╭─ Dataset content
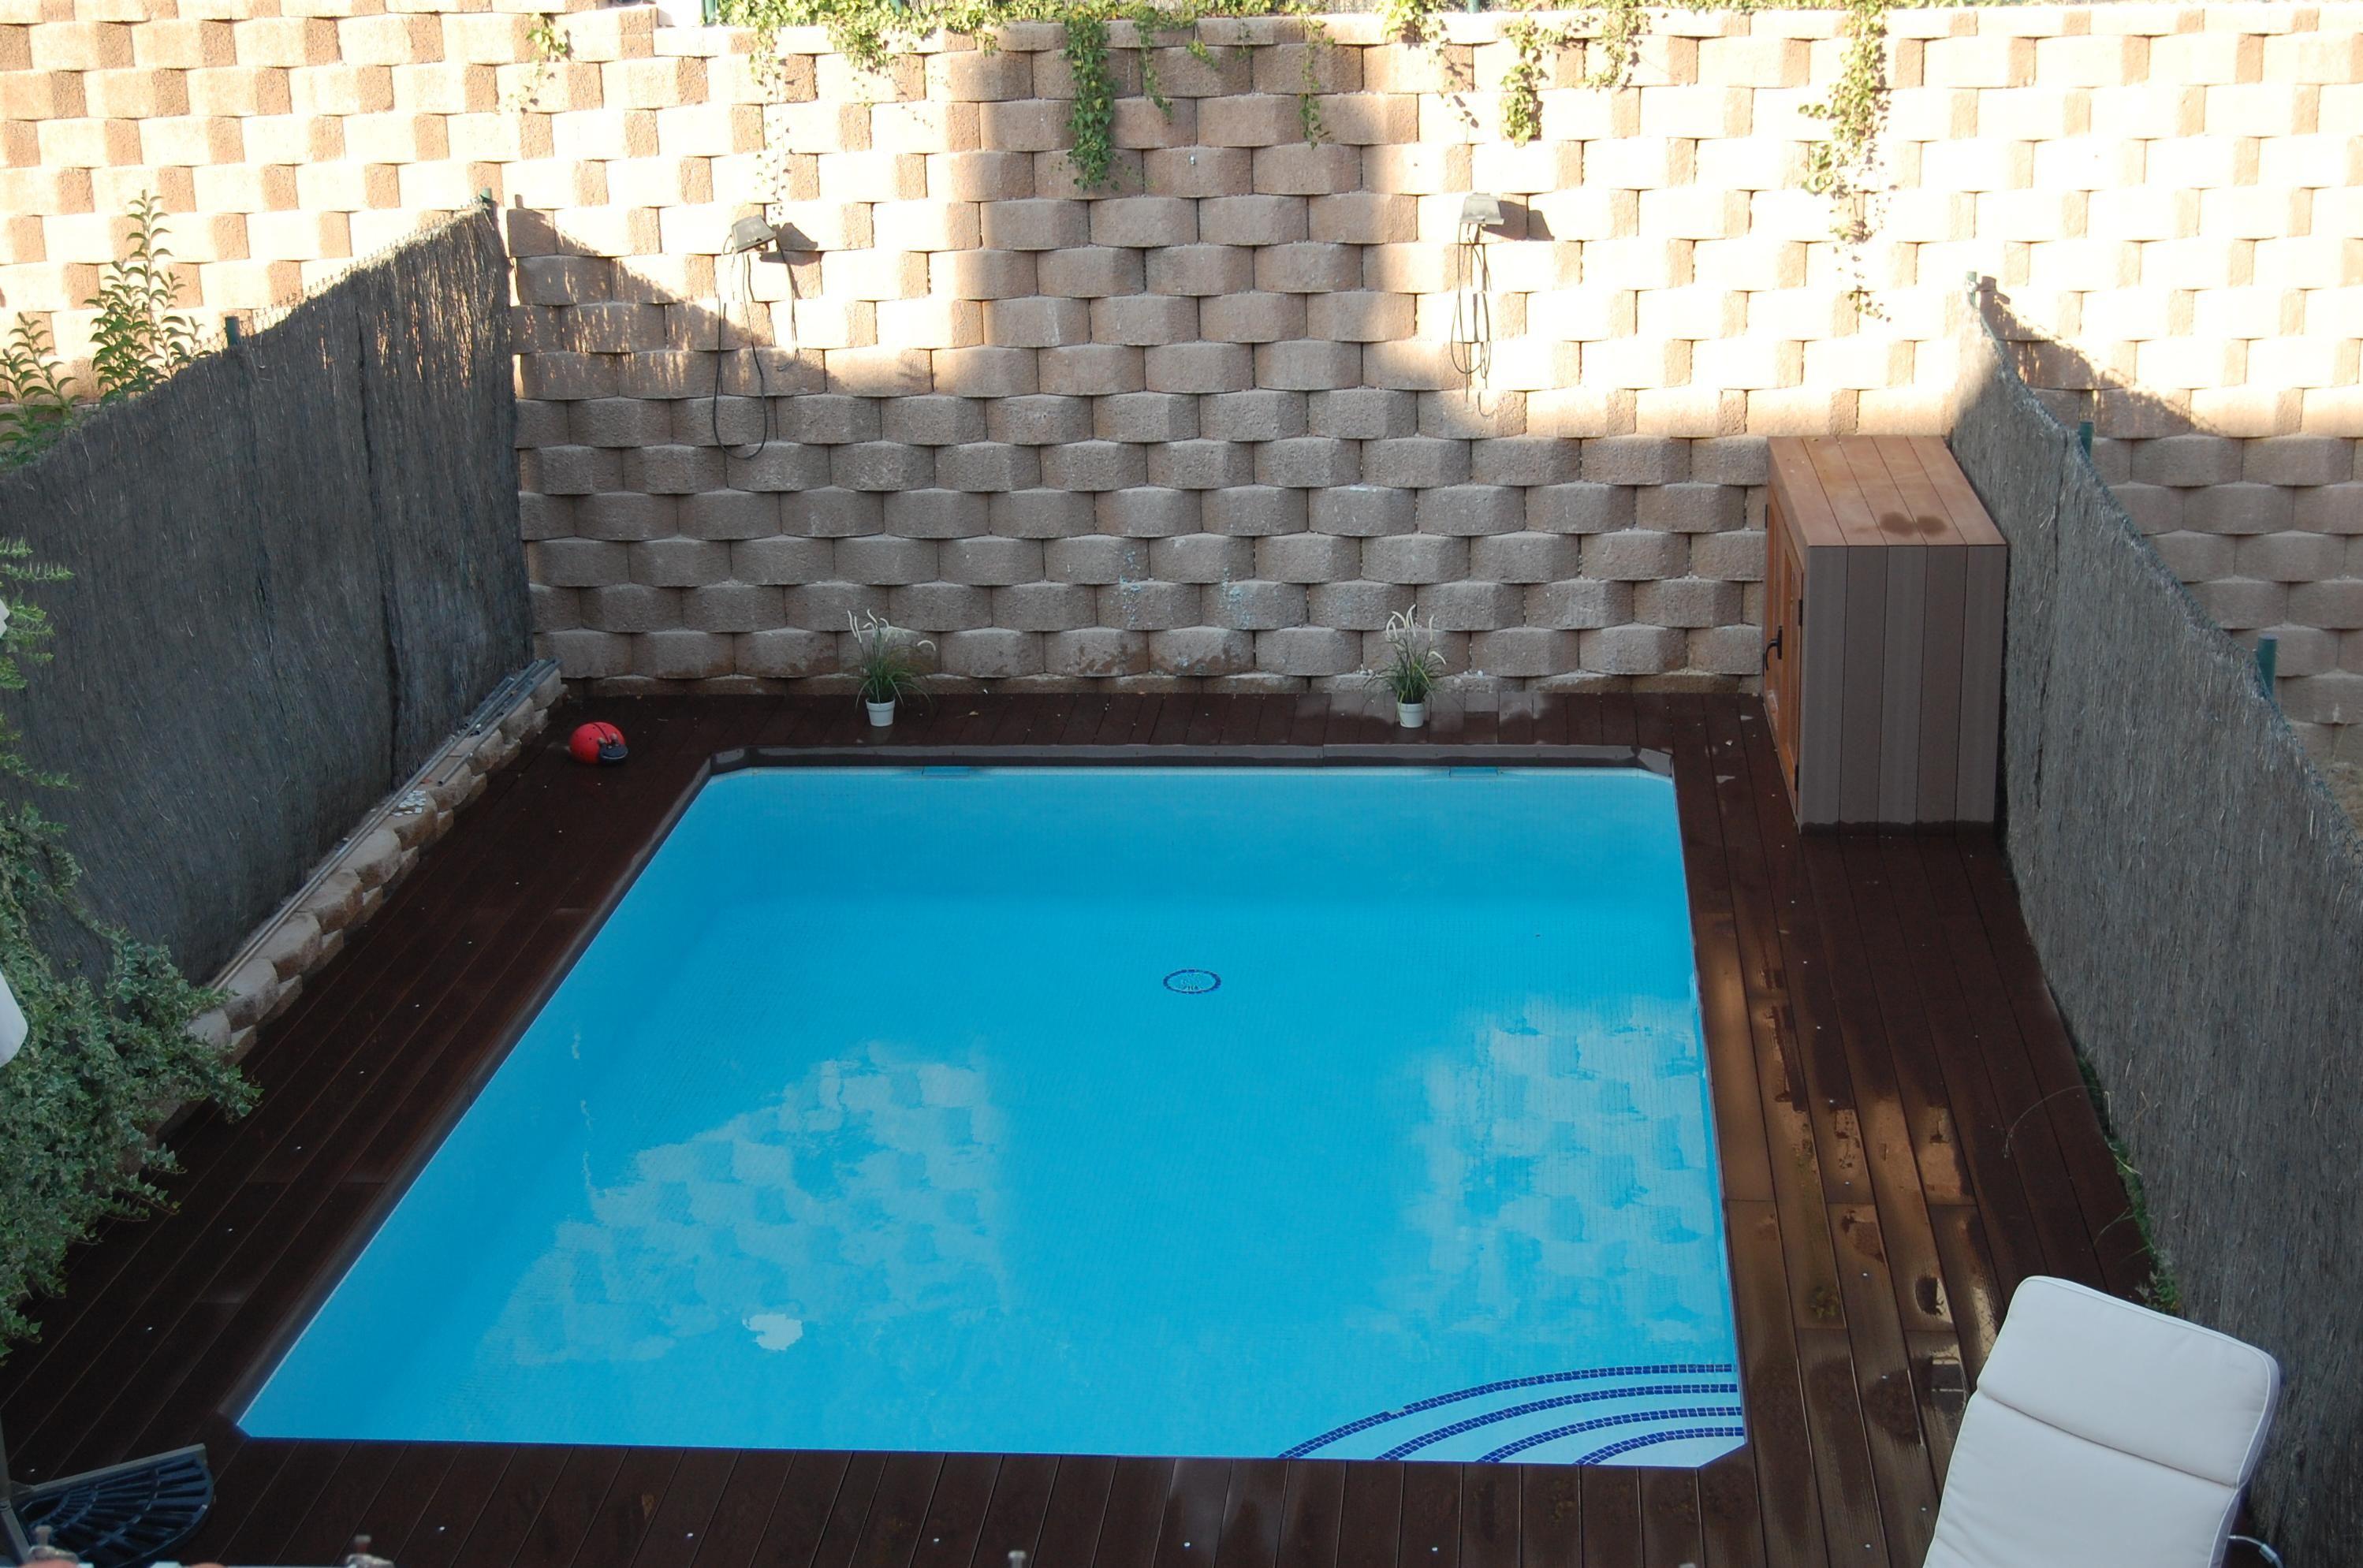 piscina günitada de 6x5 con escalera romana interior, gresite
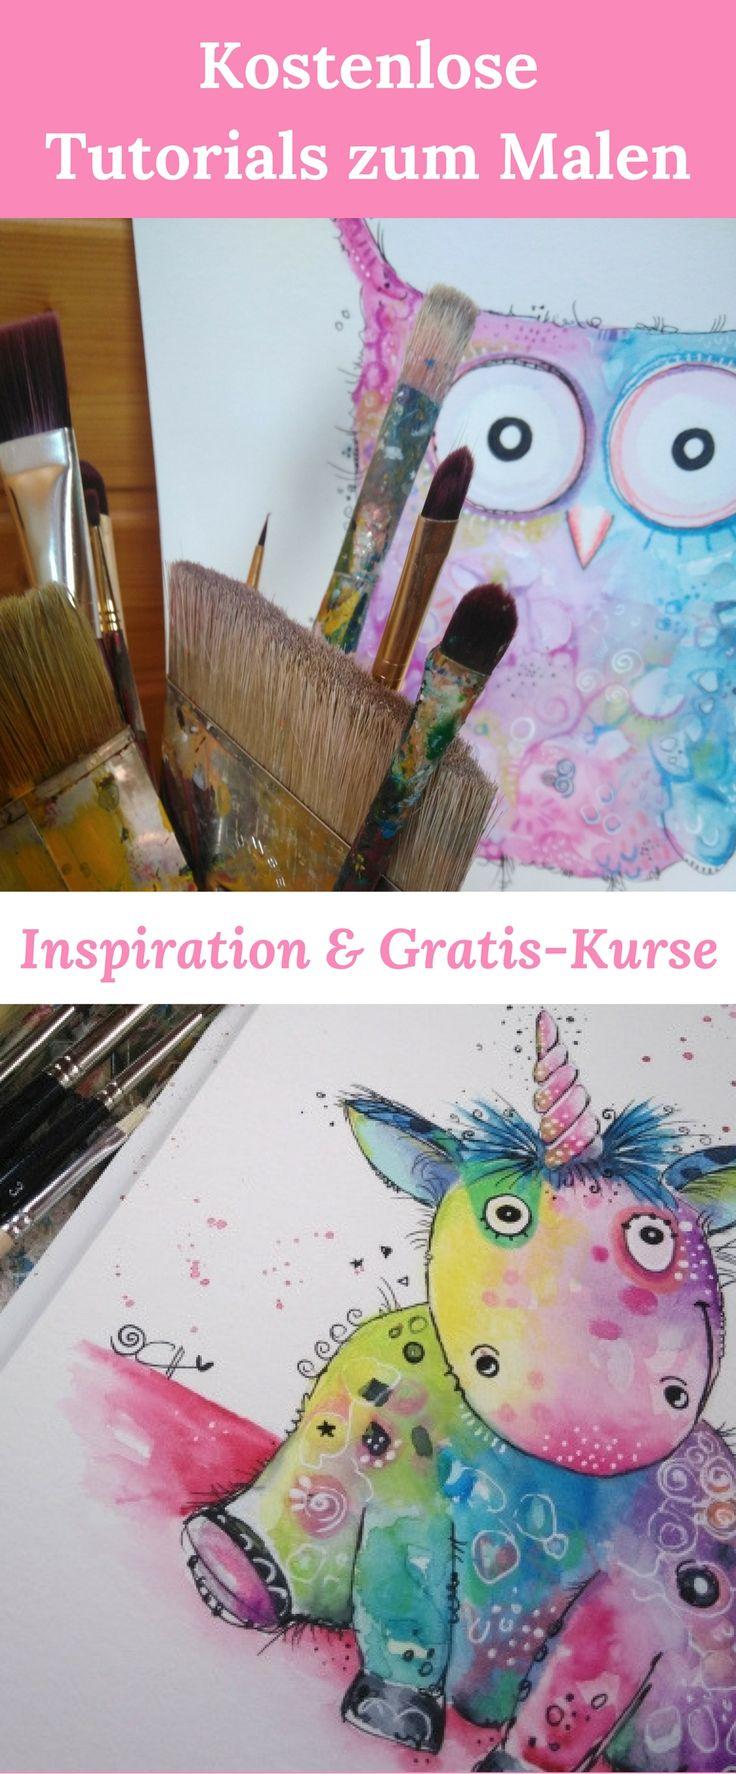 Kostenlose Mal Tutorials und Anleitungen: Erhalte neue Ideen zum Malen und kreat…
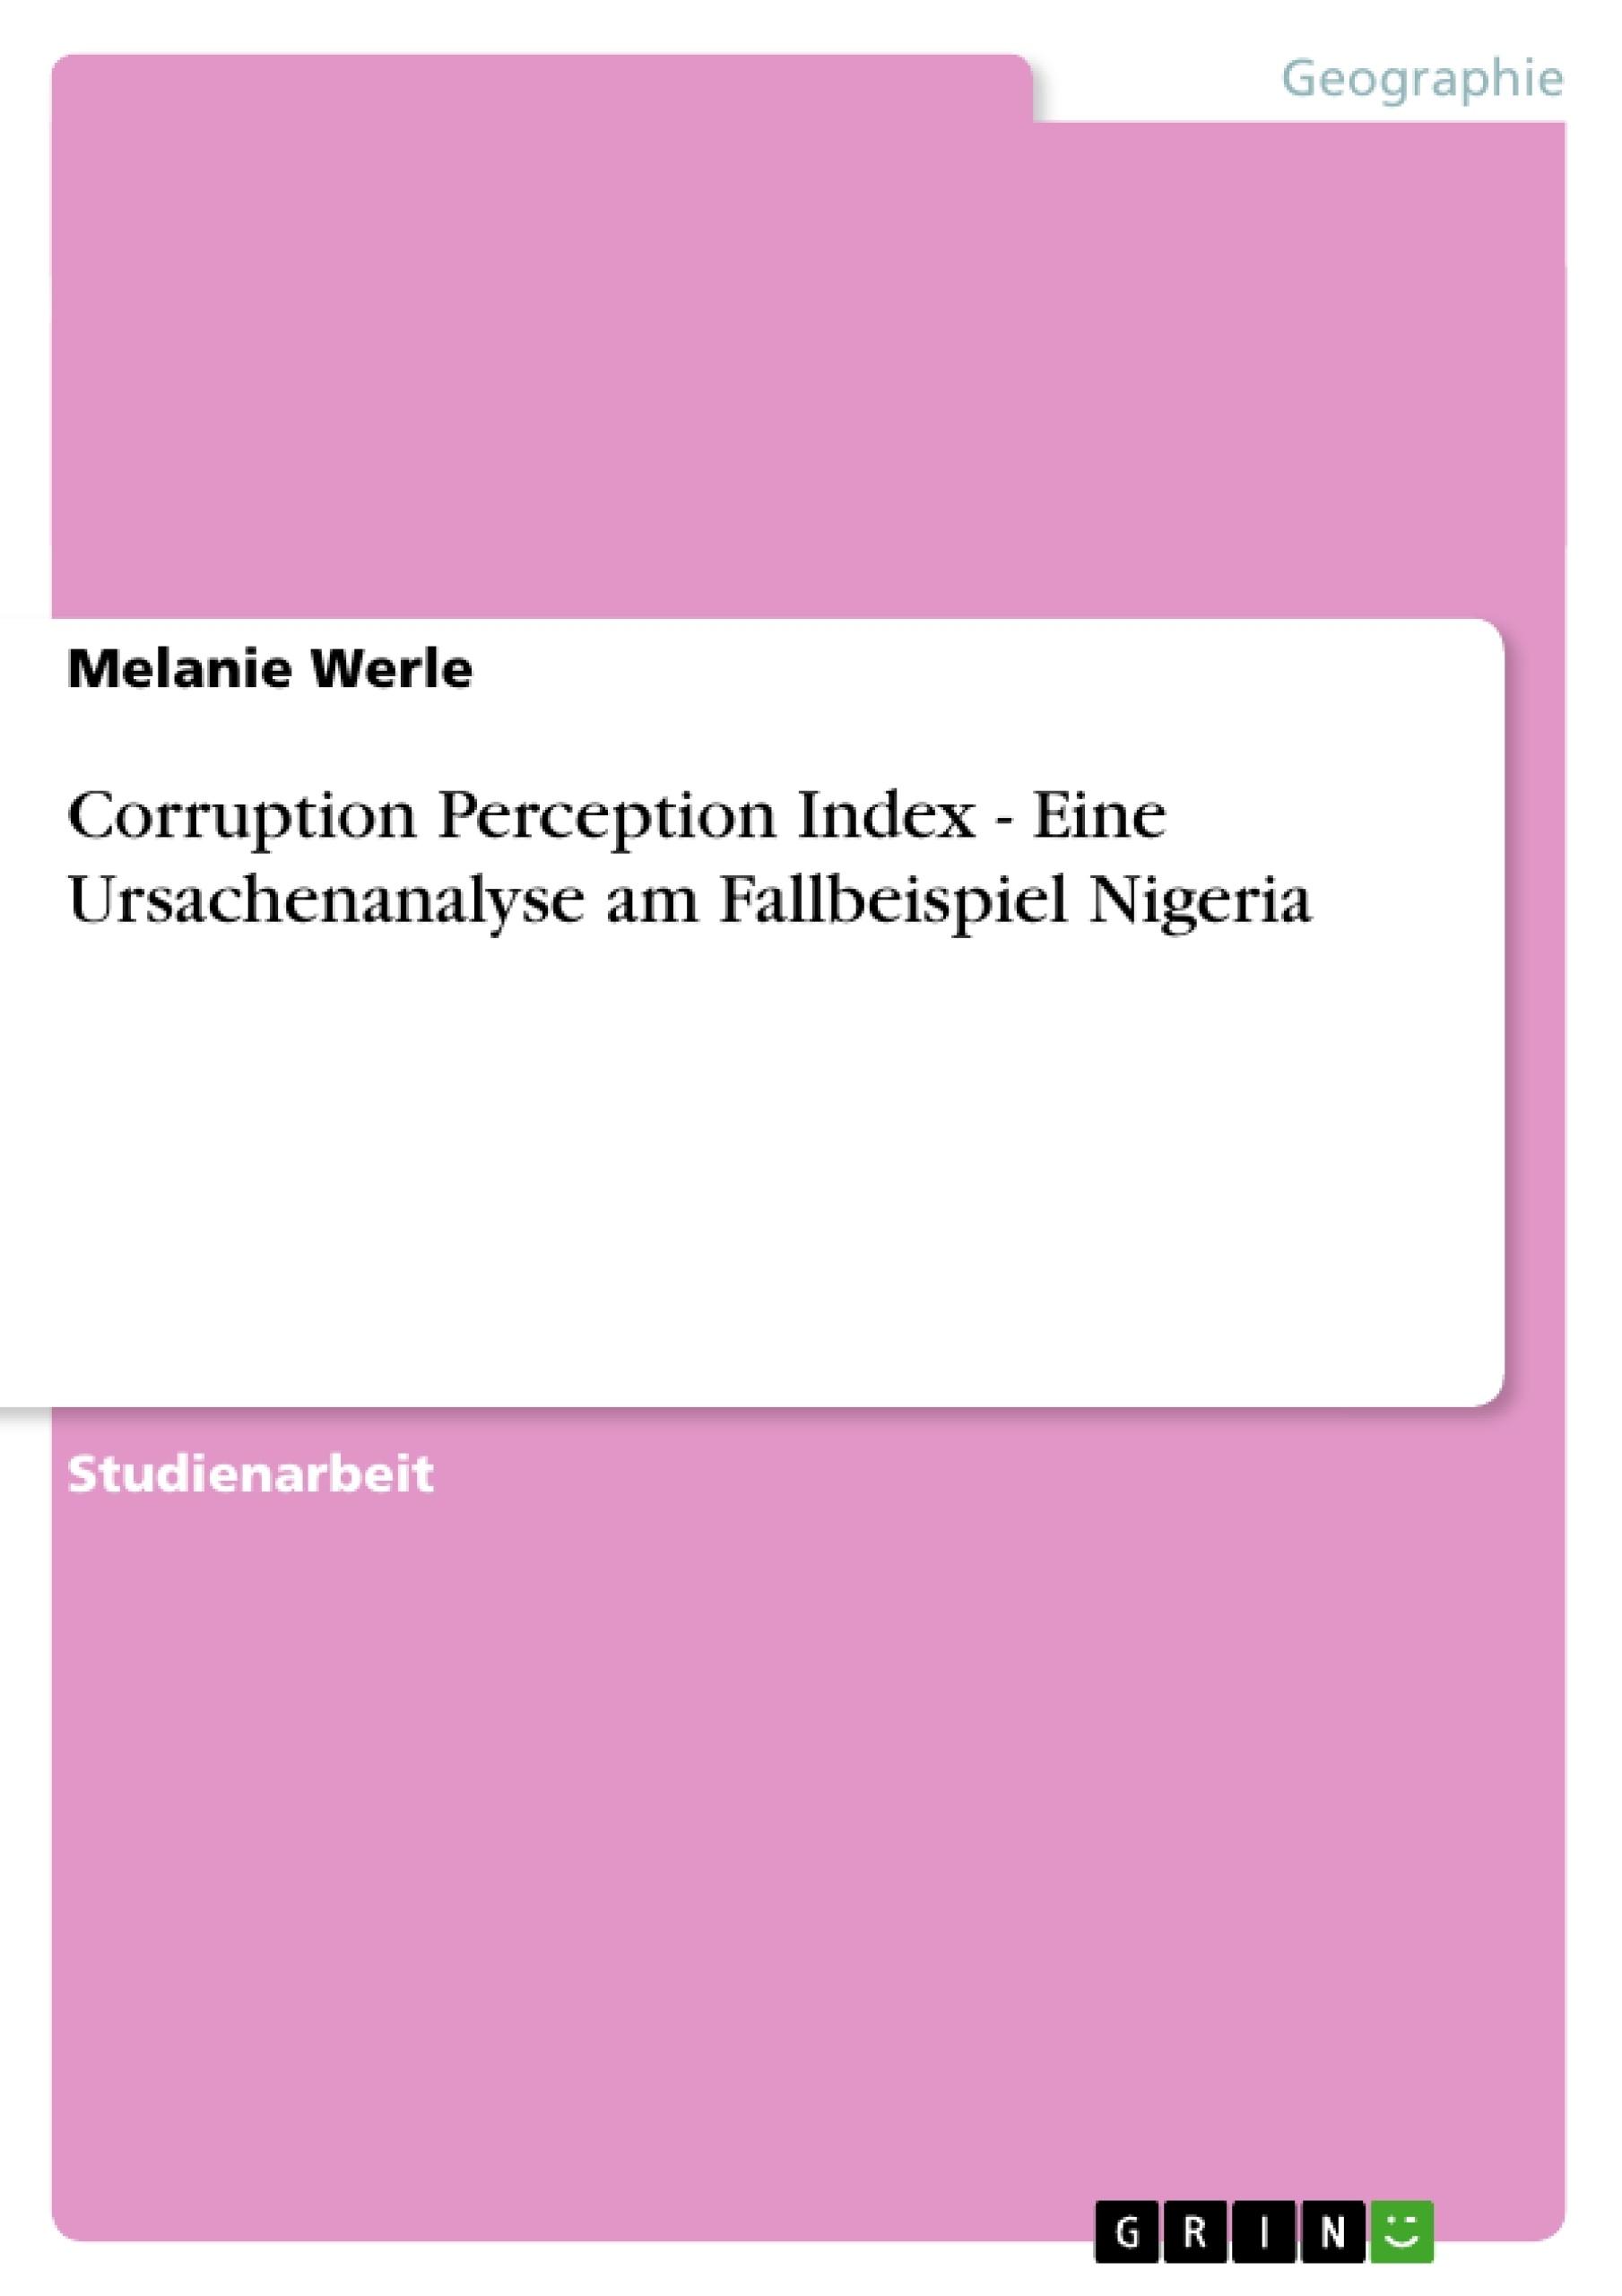 Titel: Corruption Perception Index - Eine Ursachenanalyse am Fallbeispiel Nigeria
╰─
= Your instructions =
When you copy the data above, reproduce each line exactly and skip every image.

= Response to the exercise =
 piscina günitada de 6x5 con escalera romana interior, gresite
 Kostenlose Mal Tutorials und Anleitungen: Erhalte neue Ideen zum Malen und kreat…
 Titel: Corruption Perception Index - Eine Ursachenanalyse am Fallbeispiel Nigeria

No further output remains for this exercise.